# Reprogramming Colored Buttons



## cryan100

I'm a newby, so sorry if this info is readily avaiable or rudimentary. My 722 remote was perfect in that the yellow and blue buttons were page up and page down. The 922 remote changed those button functions. Please advise where I can find instructions to get the yellow and blue buttons programmed to page-up and page-down. This is killing me because the actual page-up and page-down buttons are located absurdly high on the remote and right next to the tv-power button. THANK YOU in advance for your help.


----------



## garygaryj

To my knowledge, you can not change the color button functionality yourself on the VIP 922 remotes. What you are looking for (yellow/blue page up/down) might be a potential good suggestion for a guide-context-sensitive improvement for a future release. I have also found the page up/down buttons to be fairly inconvenient.

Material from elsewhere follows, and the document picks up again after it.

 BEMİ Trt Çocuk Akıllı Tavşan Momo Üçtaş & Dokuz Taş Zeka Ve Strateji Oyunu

It doesn't appear that Dish has a comprehensive place to discover all of the functions outside of the help provided from the Menu > Help? But the help is less than you might wish. There is an incomplete set of short-cuts on the experimental wikibooks entry: 
http://en.wikibooks.org/wiki/VIP_922/Dish_Network


----------



## Stewart Vernon

Unfortunately I'm not aware of any way to program those buttons for other functions.

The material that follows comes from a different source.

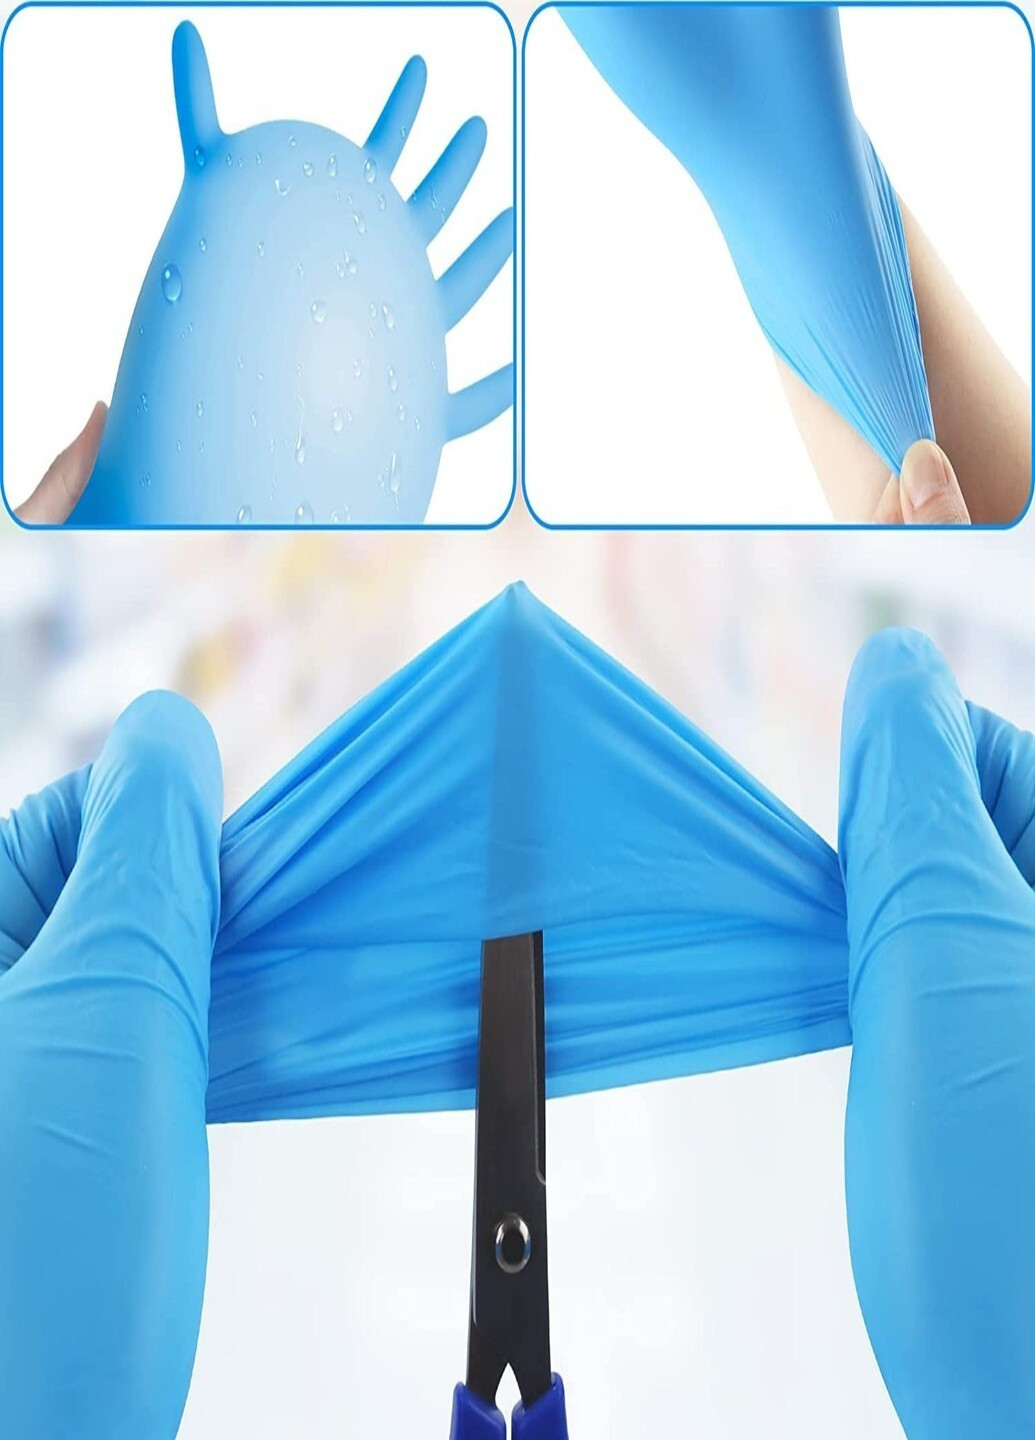 Рукавички нітрилові Blue текстуровані без пудри блакитні розмір M (3,6 г.) Medicom (254341239)

In the EPG, for example, they appear to be fixed in the GUI for specific functions, so that might be part of the reason they don't allow re-programming since it would conflict.


----------



## cryan100

Thank you for info; this will save me time in terms of researching a solutio) remote controls. Is there a favorite out there and in your opinion, is it worth switching to non-Dish remote. Are there Factory Remote functions that just can't be replicated or should i say, ergonomically replicated, by a non-Dish controller.

Thanks again


----------



## olguy

Harmony One or Harmony 700. You can program the keys about anyway you want. The One has no color buttons while the 700 does. Unfortunately somewhere along the way the codes for the color buttons that Harmony has are wrong for the blue and yellow buttons. They both have Page Up and Page Down keys that are in a good location. Once programmed they are great.


----------



## cryan100

Are these Harmony remotes UHF? Have to admit I love the UHF over the IR. THANKS for your input. chas


----------



## Stewart Vernon

I see a lot of people swear by the Harmony remotes. I typically am happy with the remote that comes with my devices in most cases... though I did have an "old" digital OTA tuner that was a clearance item that came with a horrible remote.

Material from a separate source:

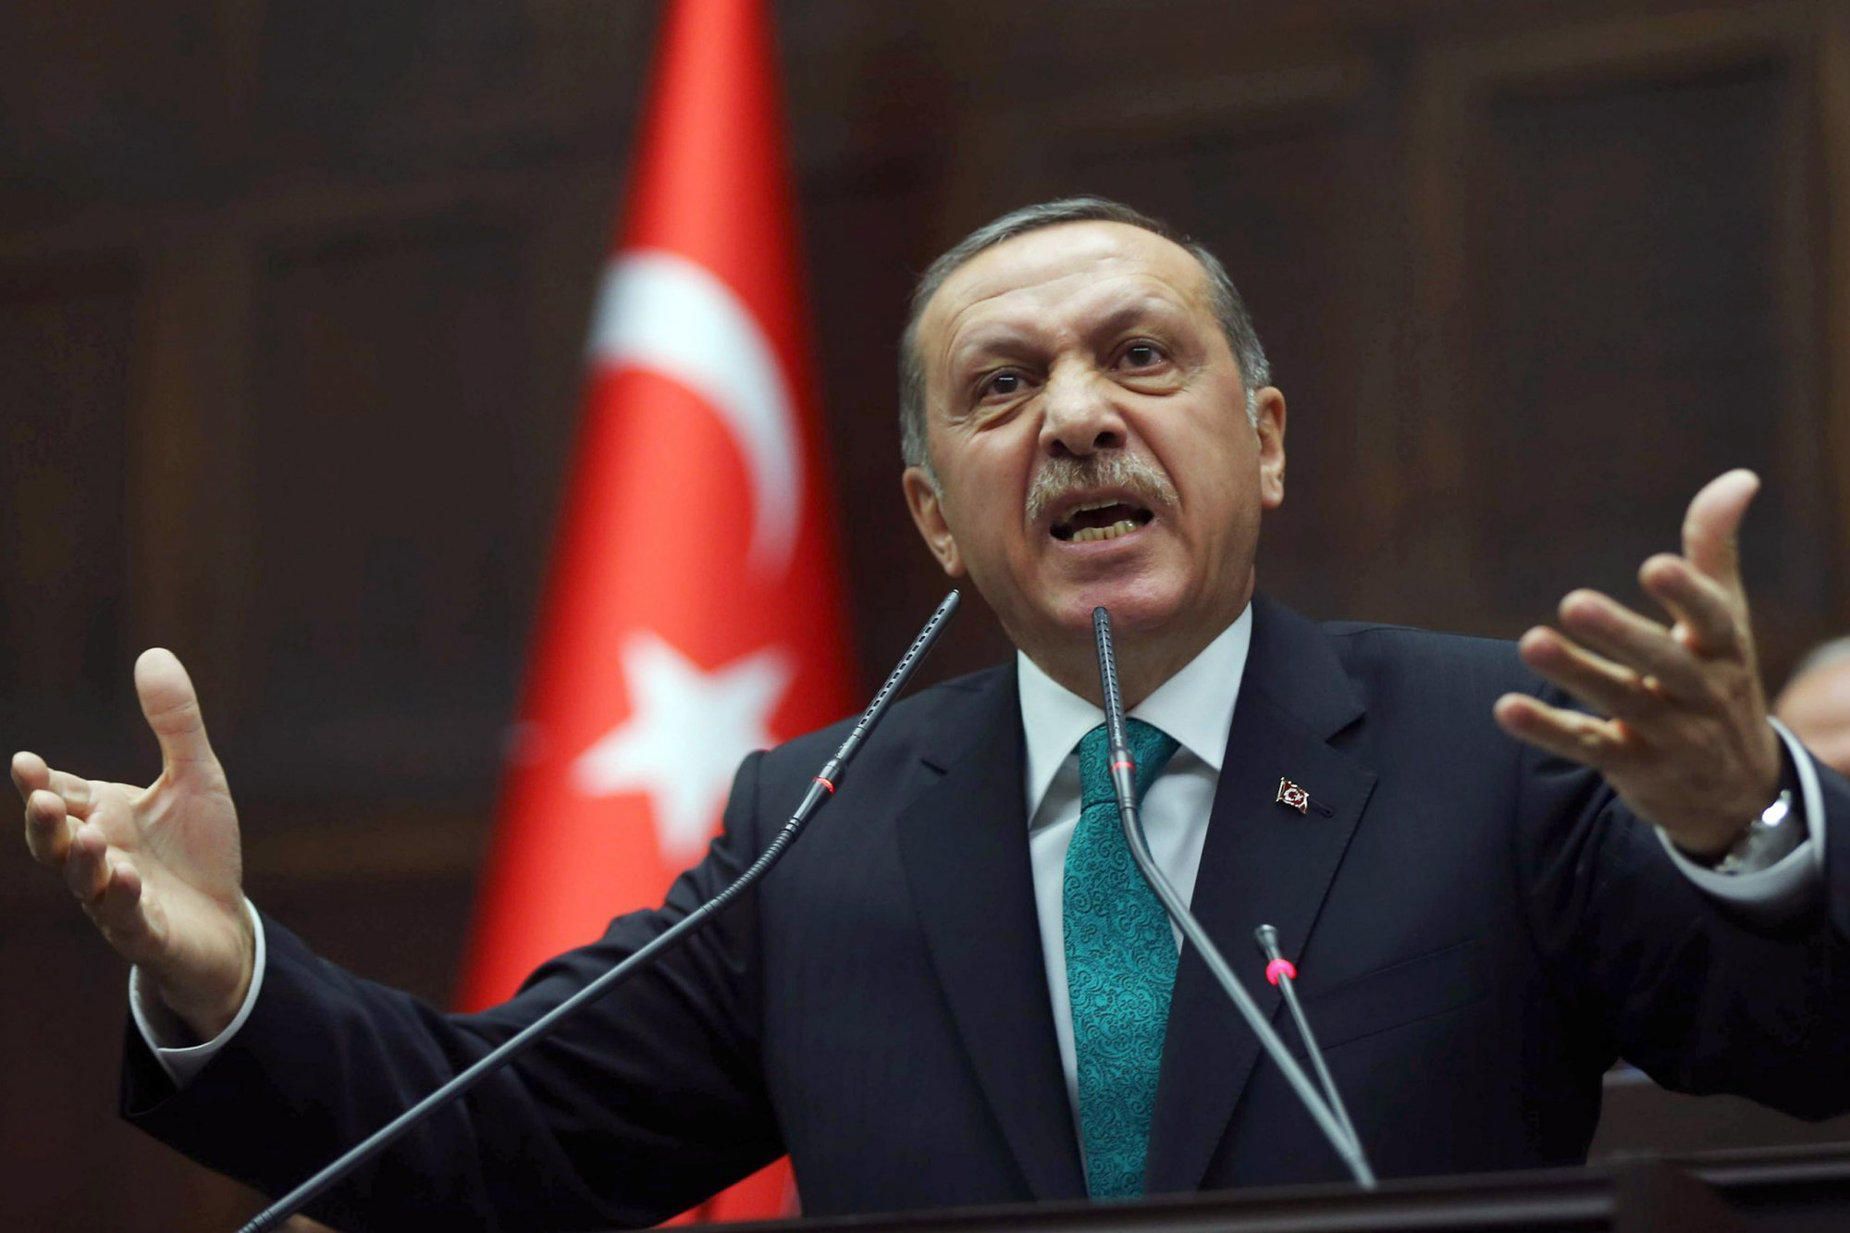 Οι ΗΠΑ «τράβηξαν το τελευταίο χαρτί» για ανατροπή του Ερντογάν: Διάσπαση στο AKP με υπόσχεση για στροφή προς Δύση

I like my Dish remotes just fine... and the only thing I use them for besides the Dish receiver is to control the volume up/down and mute on my audio receiver for convenience.

For everything else I just keep all my remotes next to each other on the table.


----------



## olguy

cryan100 said:


> Are these Harmony remotes UHF? Have to admit I love the UHF over the IR. THANKS for your input. chas


I'm not aware of any UHF universal remote that will work with a Dish box. There may be some but I don't know about them. The only advantage I can think of for UHF is if you have a TV that interferes with the IR signal.



Stewart Vernon said:


> For everything else I just keep all my remotes next to each other on the table.


Extremely low WAF in the olguy household. :lol:

And besides I like the one button everything on with the Harmony. I have everything on it. TV, 922, A/V receiver, blu-ray, Revue and WD TV Live Hub. Simplifies switching sources. And this old man only has 1 remote to keep track of which is a plus all unto itself:lol:


----------



## Stewart Vernon

olguy said:


> And besides I like the one button everything on with the Harmony. I have everything on it. TV, 922, A/V receiver, blu-ray, Revue and WD TV Live Hub. Simplifies switching sources. And this old man only has 1 remote to keep track of which is a plus all unto itself:lol:


I'm usually a gadget person... and like new things... but I'm sometimes "old-fashioned"... so I have a mix. I might have the latest Dish receiver, but will still use my oldest remote in my remote lineup and have a stack of remotes on the table


----------